LAUSR

BACKGROUND GRP94 is a glucose-regulated protein critical for survival in endoplasmic reticulum stress. Expression of GRP94 is associated with cellular transformation and increased tumorigenicity in breast cancer. Specifically, over-expression of GRP94 predicts brain metastasis in breast carcinoma patients with either triple negative or ErbB2 positive tumors. The aim of this study was to understand if microenvironmental regulation of GRP94-expression might be a hinge orchestrating brain metastasis (BrM) progression.
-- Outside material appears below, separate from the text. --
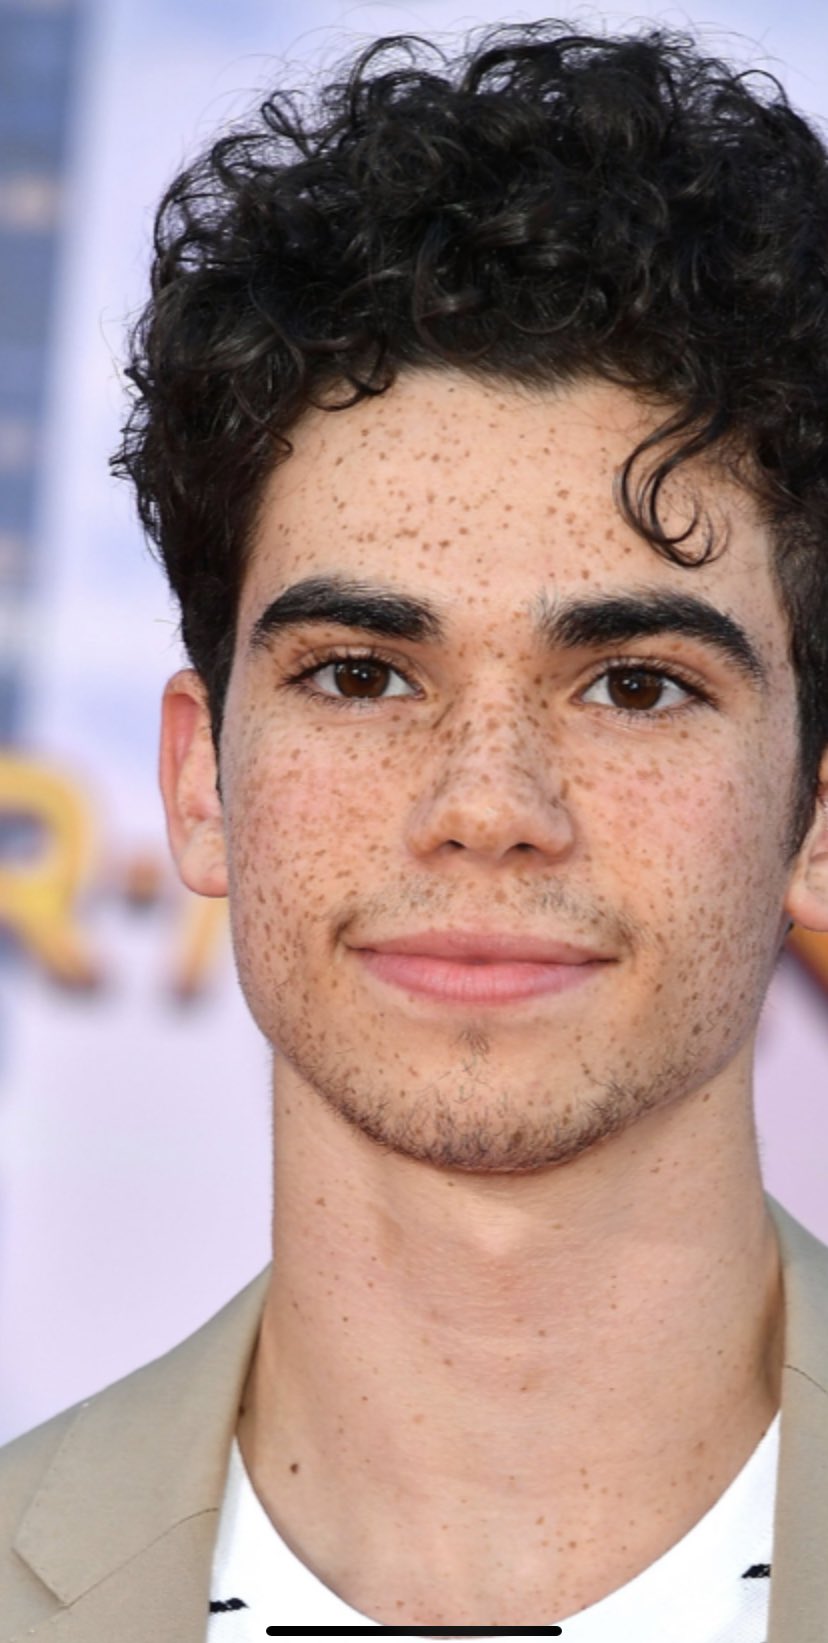 Happy Birthday Cameron Boyce !!!! You are truly missed       
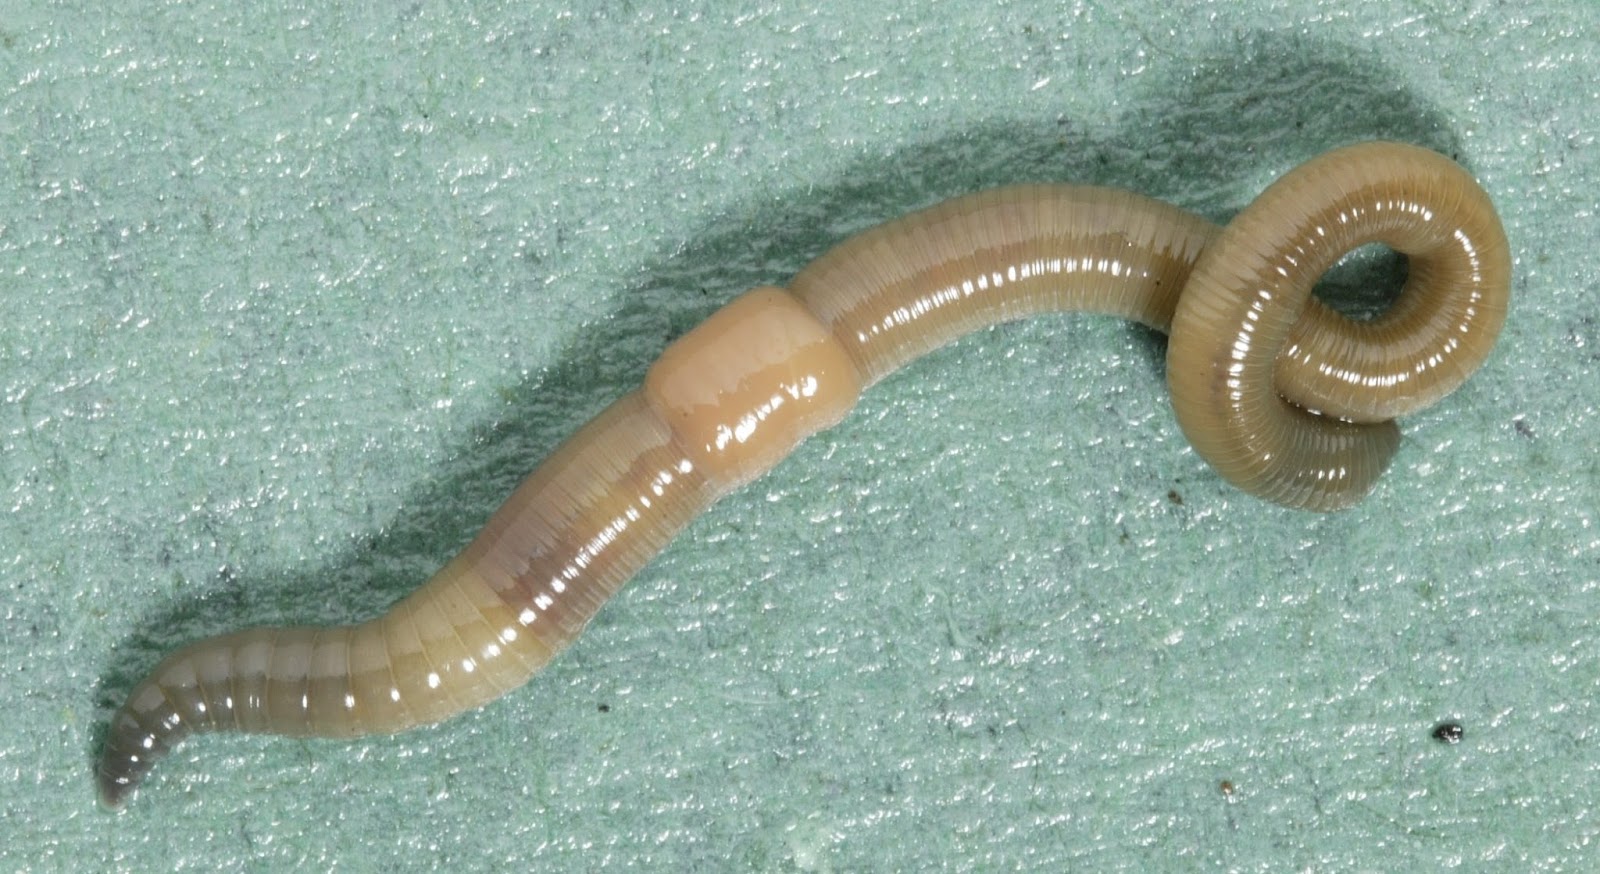 Timeless Environments: Earthworms & the mechanical functions they

METHODS GRP94 ablation was performed in a BrM model BR-eGFP-CMV/Luc-V5CA1 (BRV5CA1) of breast cancer. In vitro results were validated in a data set of 29 metastases in diverse organs from human breast carcinomas and in BrM tissue from tumors of different primary origin. BrM patient-derived xenografts (PDX) were used to test sensitivity to the therapeutic approach. RESULTS BrM that over-express GRP94 as well as TRAF2 are more resistant to glucose deprivation by induction of anti-apoptotic proteins (BCL2 and IAPs) and engagement of pro-survival autophagy. GRP94 ablation down-regulated autophagy in tumor cells, resulting in decreased survival in vivo. These results were validated in a metastasis data set from human patients suggesting that targeting autophagy might be strategic for BrM prevention. Indeed, hydroxychloroquine treatment of preclinical models of BrM from PDX exerts preventive inhibition of tumor growth (p<0,001). CONCLUSIONS We show that GRP94 is directly implicated in BrM establishment by activating pro-survival autophagy. Disruption of this compensatory fueling route might prevent metastatic growth.